No setor da Educação, a paralisação atingiu níveis particularmente elevados, com cerca de 90% de adesão. A maioria das escolas manteve-se encerrada durante a manhã e prevê-se que as restantes suspendam atividades ao longo do dia, devido à ausência de trabalhadores.

Já na área da Saúde, a participação situa-se próxima dos 80%, afetando o funcionamento de hospitais e Unidades Locais de Saúde, com constrangimentos no atendimento e na prestação de serviços.

A greve, convocada pela Fesinap, decorre durante todo o dia, abrangendo trabalhadores da administração central, regional e local.

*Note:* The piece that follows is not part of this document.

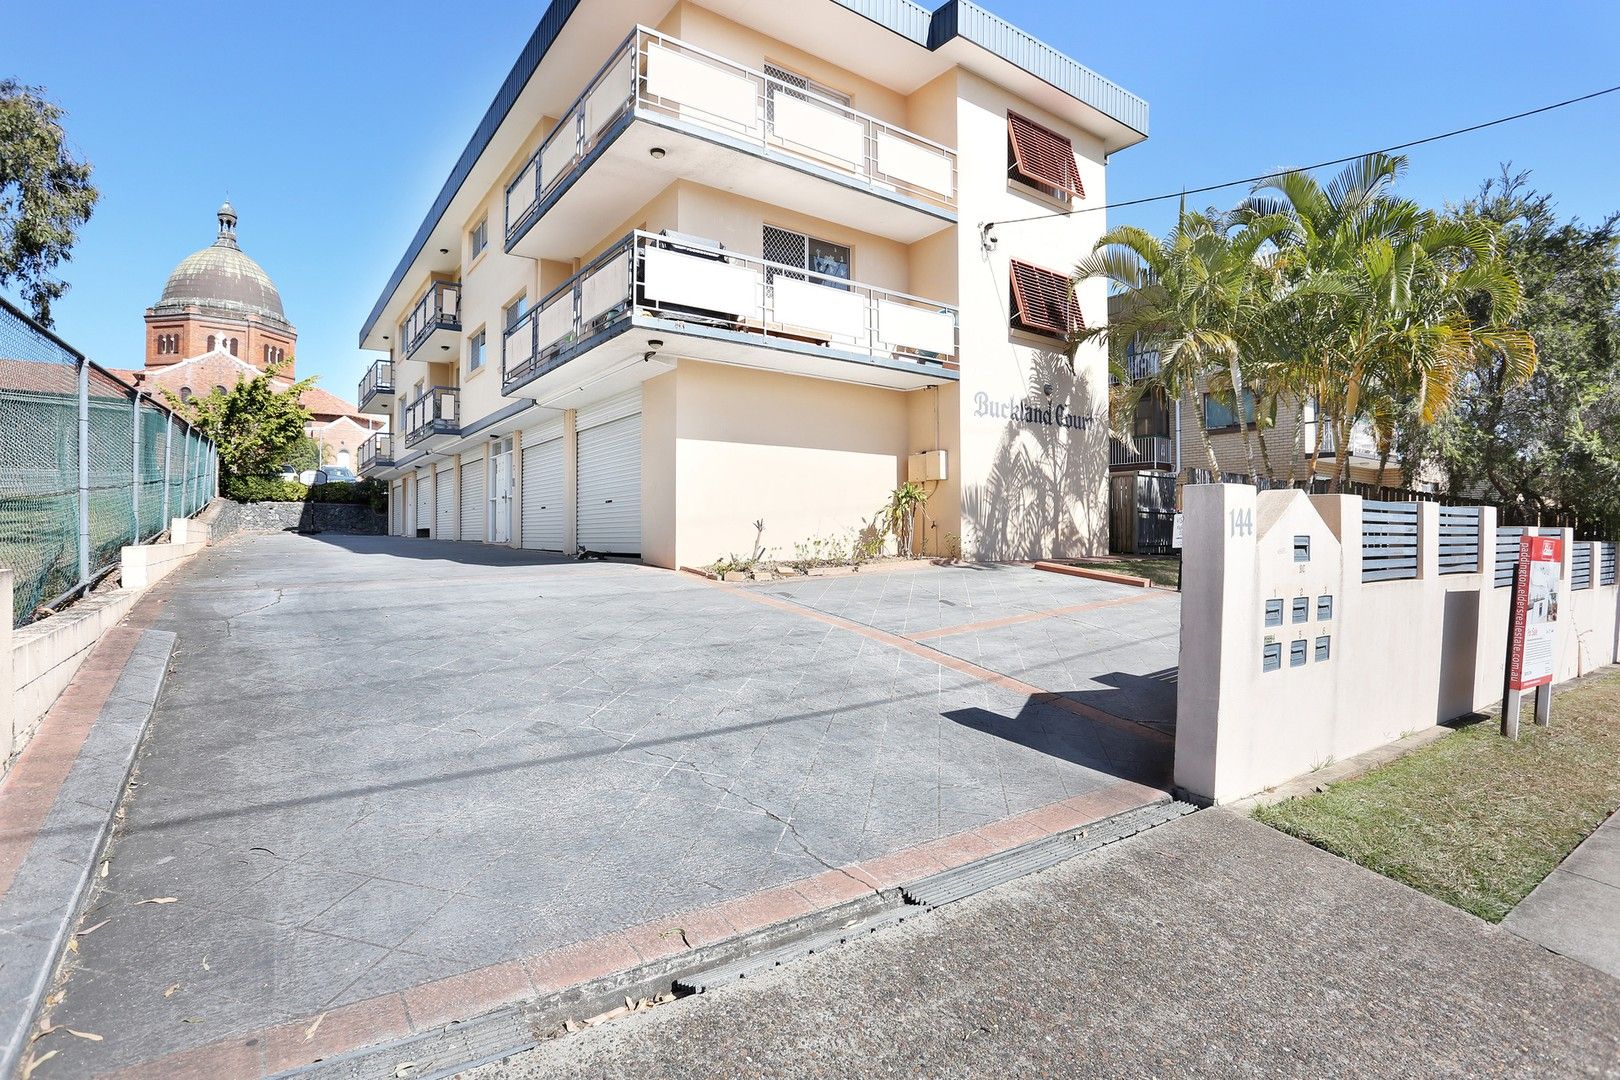 3 bedrooms Apartment / Unit / Flat in 2/144 Buckland Road NUNDAH QLD, 4012

Estão ainda a ser recolhidos dados relativos a organismos como o Instituto dos Registos e do Notariado, a Direção-Geral da Administração da Justiça, a Agência para a Integração, Migrações e Asilo e o Instituto da Segurança Social.

Nas regiões autónomas dos Açores e da Madeira, a adesão é também considerada significativa, embora ainda sem números oficiais consolidados.

A Fesinap defende uma reforma estrutural do modelo de avaliação, alinhada com práticas já implementadas nos Açores, e pretende participar nas negociações com o Governo, previstas para o segundo semestre do ano.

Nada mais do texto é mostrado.